The company should keep invoices, payment proof, asset registers and disposal records together. If the asset is not used for business, the claim should be reviewed carefully before filing.
Related party transactions need careful handling because they can affect taxable profit. Management fees, royalty charges, interest, shared service fees and director-linked transactions should have clear commercial support.
IRBM’s audit framework lists significant controlled transactions with related companies as one example that may form the basis for audit case selection.
This does not mean every related party transaction is a problem. The issue starts when pricing, invoices, agreements and business purpose are not clear.
A Sdn Bhd may apply the wrong tax rate category when it does not check the paid-up ordinary share capital, gross business income and related conditions. LHDN’s company tax rate page lists reduced tier rates for companies with paid-up capital not more than RM2.5 million and gross business income not more than RM50 million for YA 2023 to YA 2024.
This should not be copied blindly into every filing. The team should check the current year rules, shareholding conditions and group structure before using any reduced rate position.
Form C includes sections for statutory income linked to sources outside Malaysia that are received in Malaysia. The sample Form C also includes details such as country code, gross income, foreign tax charged and statutory income for relevant overseas receipts.
This area can be missed when a company has foreign customers, overseas platforms, regional service income, dividends, royalties or interest. The tax team should review bank credits and revenue contracts before finalizing Form C.
Tax adjustment mistakes Sdn Bhd teams make often include poor CP204 reconciliation. A new company must submit e-CP204 within 3 months after business starts, and installments begin in the sixth month of the “basis” period.

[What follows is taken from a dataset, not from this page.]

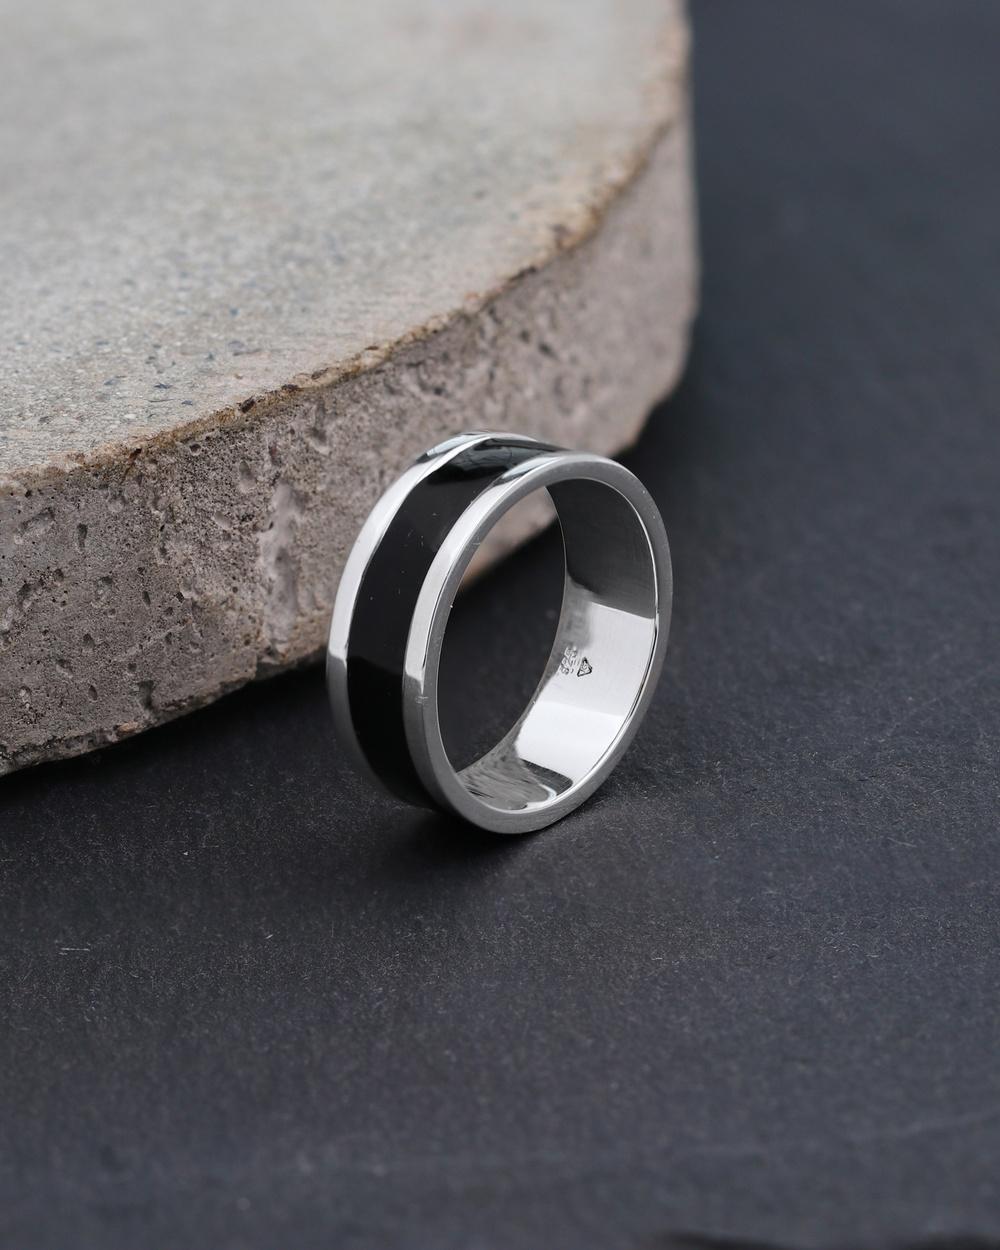 Kuzzoi Ring Basic Geo Black Enamel Cool 925 Sterling Silver Watches Silver

The final Form C should compare estimated tax, revised estimates, installments paid, and balance tax payable. If this file is weak, the payment side may not support the tax computation.
Form C is no longer a standalone year-end task. The Section 82B document pack matters because financial statements, tax computation, capital allowance schedules, and incentive computations may need electronic submission through MITRS after the return deadline.
A good tax file should include the return, tax computation, audited accounts, schedules, payment proof and management approvals. This makes a future LHDN review easier to handle.
The final mistake is waiting until the filing week to involve the auditor or tax agent. By that time, the accounts may be closed, schedules may be incomplete and staff may struggle to explain old transactions.
Form C includes a declaration that the return contains true, correct and complete information. It also identifies if the return is prepared using audited financial statements, unaudited financial statements or a liquidator’s account where relevant.
A clean Form C file is not only about filing on time. It is about matching numbers, proving claims, and keeping every adjustment easy to explain. LHDN reviews are easier to manage when the tax file is built during the year. Arnifi’s expert team helps companies prepare cleaner tax records, filing checks and long-term compliance workflows.
Form C is the company income tax return for a Malaysian company. It is filed under Section 77A of the Income Tax Act 1967 and must reflect true, correct and complete company tax details.
Common triggers include revenue mismatch, unsupported deductions, weak capital allowance schedules, related party gaps, poor tax computation and missing documents. IRBM may select audit cases using tax risk criteria, information received and industry issues.
The Section 113 incorrect return penalty may apply when a taxpayer omits or understates income, or gives incorrect information that affects tax liability. The listed penalty is RM1,000 to RM10,000 and 200% of tax undercharged.
A Sdn Bhd should reconcile accounts early, review disallowed expenses, support capital allowance claims, check related party transactions and prepare MITRS documents before filing. This makes Form C review easier and reduces avoidable tax adjustment risk.